Version 3 (modified by 17 years ago) (diff) | ,
---|
Managing allocated resources
BOINC has a hardwired model of various resources:
- CPUs
- physical memory and swap space
- disk space
Some hosts have other processing resources:
- GPU(s)
- SPEs in a Cell processor
How can we extend BOINC to take these resources into account, i.e. to send the best available app version to hosts, and to execute the best combination of apps on a given host?
We'll assume that these resources are "allocated" rather than "scheduled": an application using a resource has it locked while the app is in memory, even if the app is suspended by BOINC or descheduled by the OS.
Proposed design
- We define an XML notation for resources. This might look like
<resource> <type>Cell SPE</type> <number>6</number> </resource> <resource> <type>NVIDIA 8800 GPU with 1.7 driver</type> <number>1</number> </resource>
- The BOINC client will discover resources, and will pass the resource description in scheduler request messages.
- An app_version record (in the server DB) will have a new field resource_requirements of the form.
<resource> <type>REGEXP</type> <number>n</number> </resource> ...
A host is "compatible" with an app_version if, for each required resource, the host has at least n instances of a resource whose name matches REGEXP. - In addition, app_version will have an acceleration field, representing the (approximate) speedup relative to CPU-only execution.
- The scheduler will be modified so that, when sending a job to a host, it finds the compatible app_version for which acceleration is greatest.
- The scheduler reply will include app_version.resource_requirements and app_version.acceleration.
- The client will be modified so that it keeps track of resource allocation, i.e. how many instances of each resource are free.
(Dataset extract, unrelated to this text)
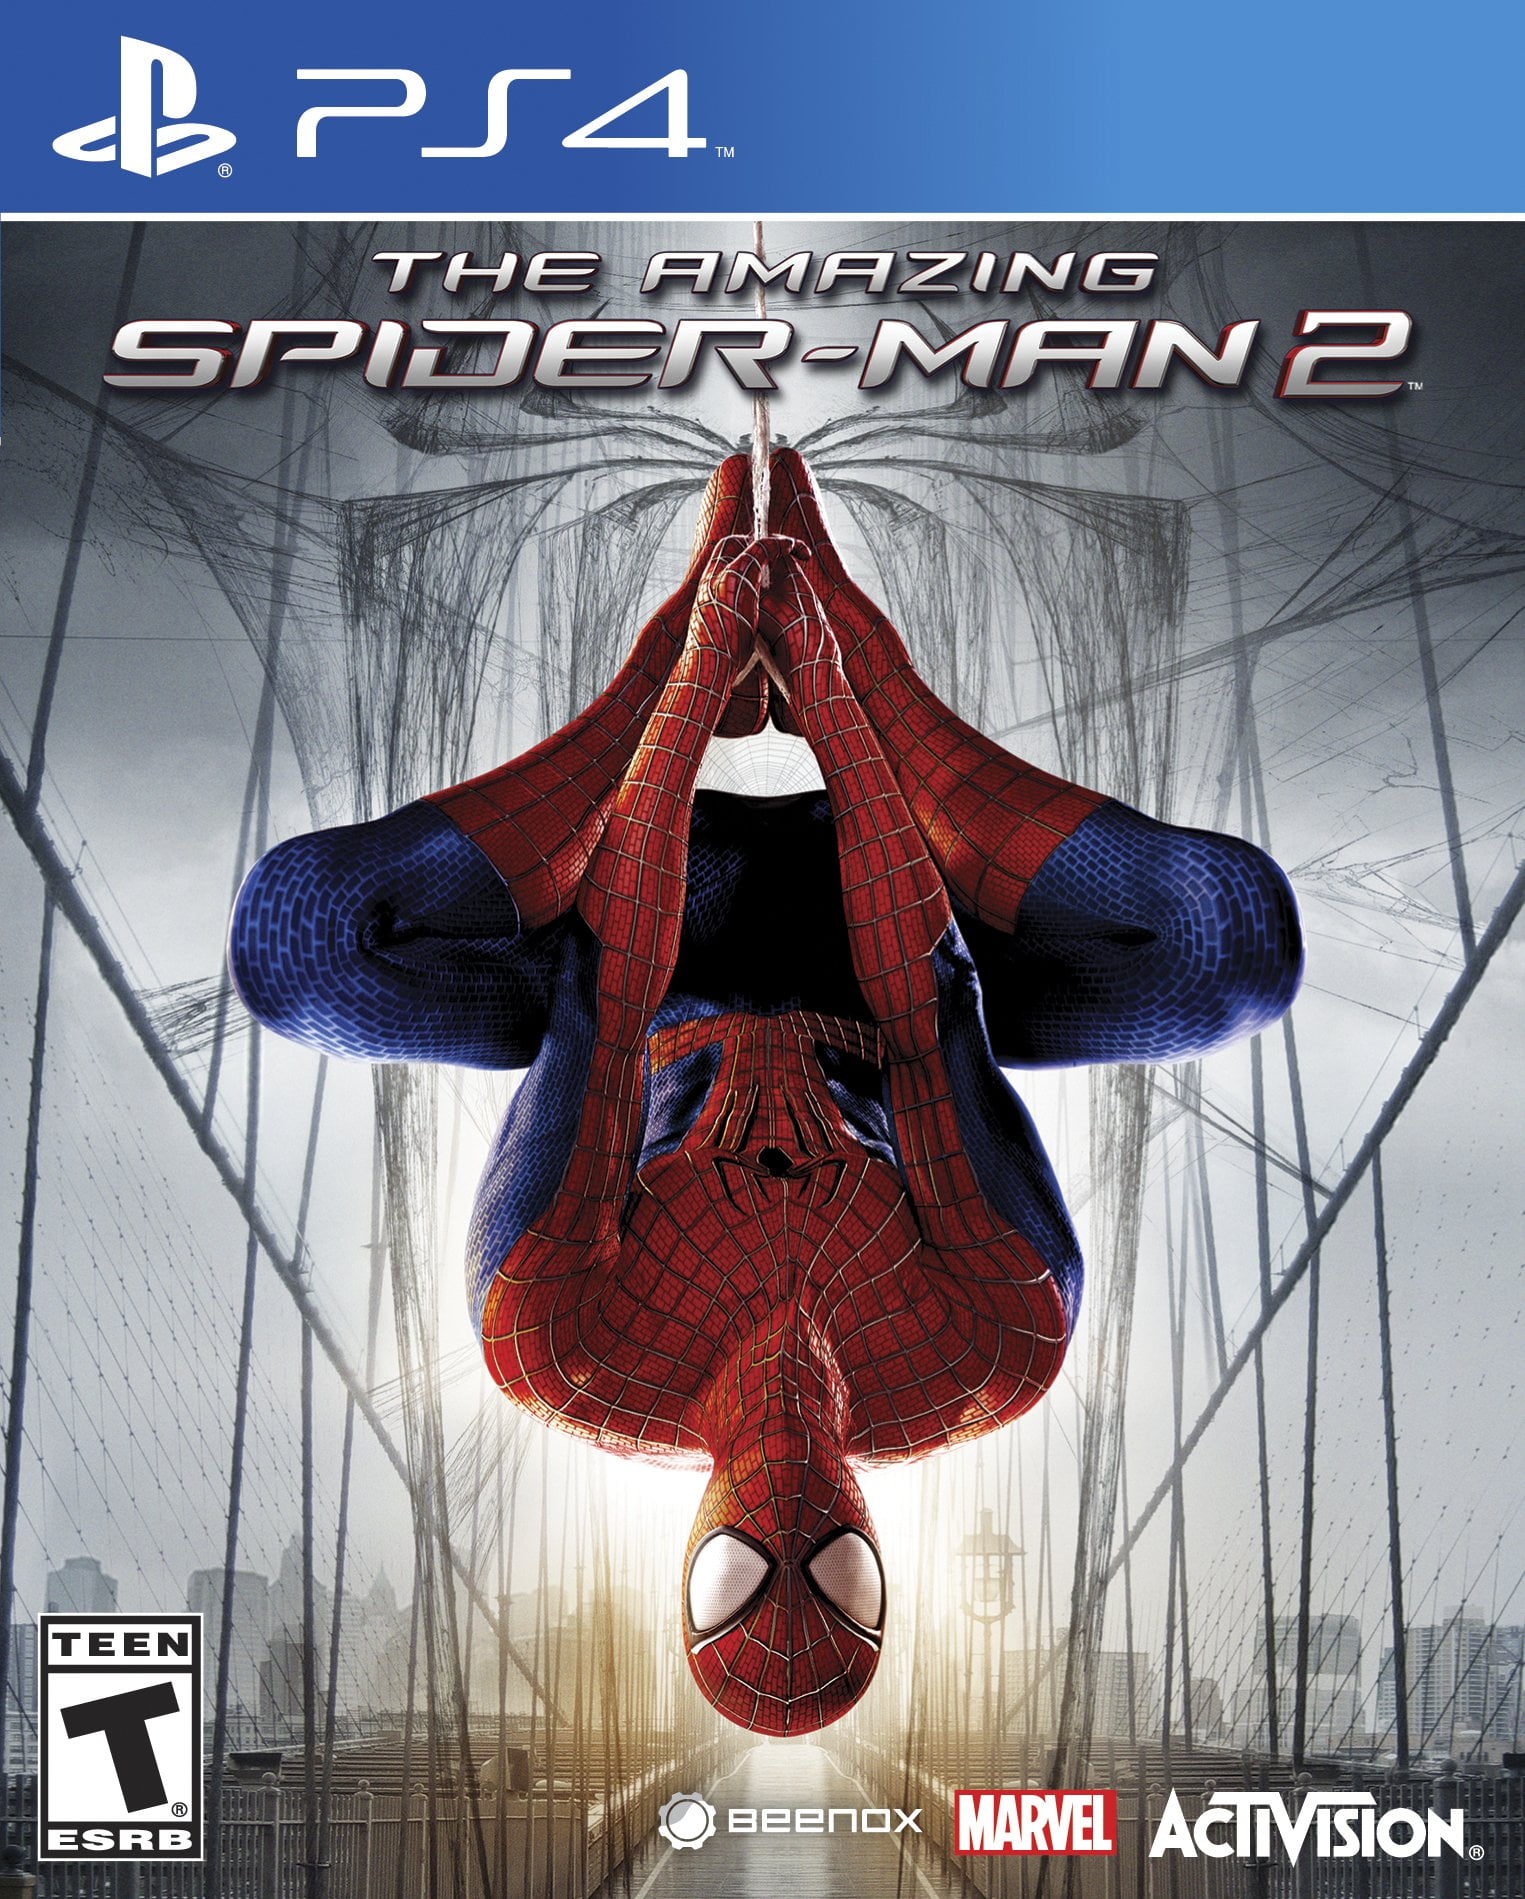 Spiderman 2 Ps5  Marvel spiderman art, Marvel spiderman, Amazing spiderman

It only runs an app if enough instances are available, and it decrements the counts accordingly.
- The client will be modified to use app_version.acceleration in estimating job completion times.
Possible future additions
- Allow app_versions to specify min and max requirements (and have a corresponding allocation scheme in the client).
- Let projects define their own resources, unknown to BOINC, and have "probe" programs (using the assigned-job mechanism) that surveys the resources on each host.
- Store the resource descriptions in the DB (or maybe flat files), so that you can study your host population.